Individual Test Performance

The sensitivity and specificity of the eight index tests using DABA as reference test are reported in Table 1. Specificity is generally high (97.1% to 99.4%) and sensitivity low (65.2% to 93.4%). Moreover, the highest specificity (sensitivity) index test had the lowest sensitivity (specificity). No single test meets the CDC or MHRA criteria. Test outcomes are highly, but not perfectly, correlated (average pairwise correlation: 0.75, range: 0.57 to 0.89).

Two-Test Combination Performance

Figure 1 illustrates our four step methodology, using a combination of two index tests – test 6 (Biopanda II) and test 7 (Surescreen). Each of the four possible outcome sequences (+, +), (+, –), (–, +), and (–, –) provides a threshold value that generates a combination test strategy with distinct sensitivity and specificity. Ignoring the lowest threshold value (which trivially classifies all samples as positive) we observe that combining these two tests can achieve a testing strategy with (sensitivity, specificity) values ranging from (98.4% [CI: 97.2%-99.1%], 98.0% [CI: 96.7%-98.9%]) to (72.3% [CI: 68.7%-75.6%], 99.6% [CI: 98.7%-99.9%]) in our data. The former meets MHRA’s but not the CDC’s criteria, while the latter meets the CDC’s criteria albeit with very low sensitivity, but not the MHRA’s. In particular, a threshold between 0.01 and 0.80 classifies outcome sequences in which either test returns a positive outcome (corresponding to the ANY heuristic) as positive, for a sensitivity of 98.4% [CI: 97.2%-99.1%] (given index test sensitivities of 82.7% [CI: 79.6%-85.4%] and 88.0% [CI: 85.3%-90.2%]), with minimal reduction in specificity.

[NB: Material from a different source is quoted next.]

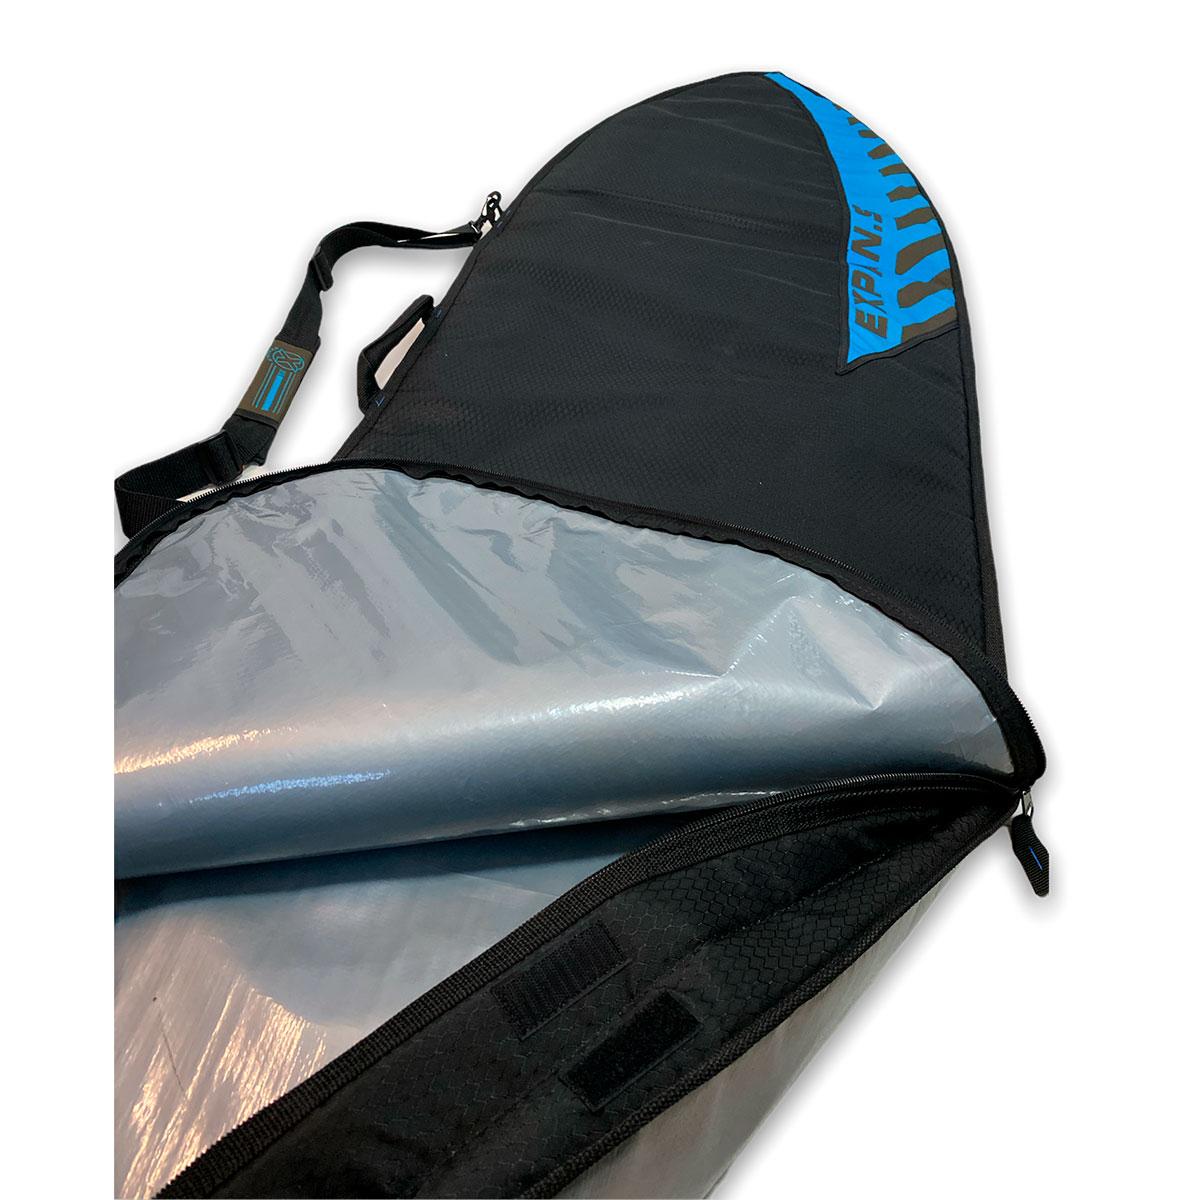 Capa tecido importado acolchoada - SELECT LINE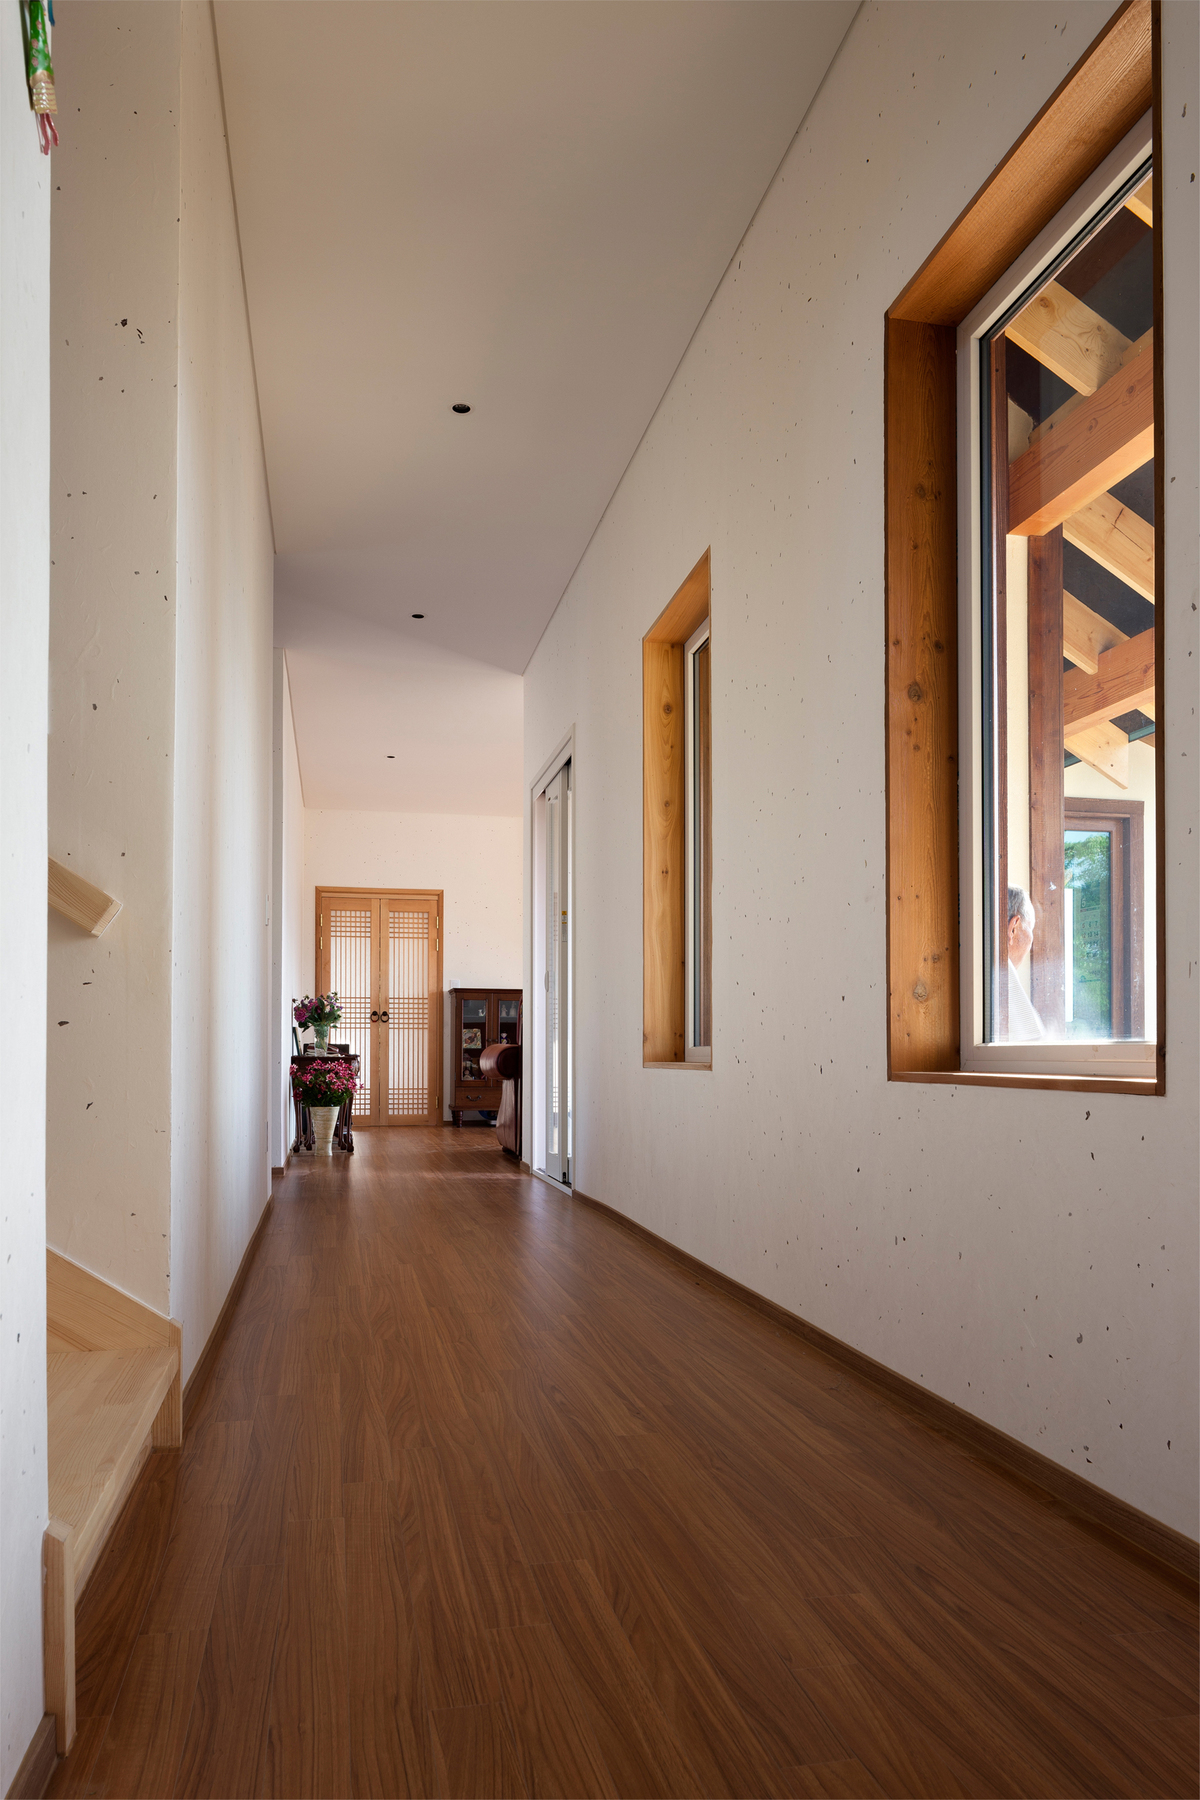 House in Geochang, South Korea by Hyungnam Lim, Eunjoo Roh + studio_GAON (interior)

Figure 2 (top) plots the testing possibility frontiers for the 16 two-test combinations in which each index test was used on at least 100 antibody negative and at least 100 antibody positive samples (all estimates and their confidence intervals are included in Supplementary information section 2). Each marked point corresponds to a threshold value for a particular combination test. For ease of viewing, we ignore thresholds which result in sensitivity or specificity below 50%. To gain intuition, in Figure 2 (bottom) we include the results of the ANY and ALL heuristics (the MAJORITY heuristic requires three or more tests) for the same 16 two-test combinations. The marker points with highest sensitivity generally correspond to the ANY heuristic and those with highest specificity to the ALL heuristic. No benchmark improves on a strategy obtained through our methodology.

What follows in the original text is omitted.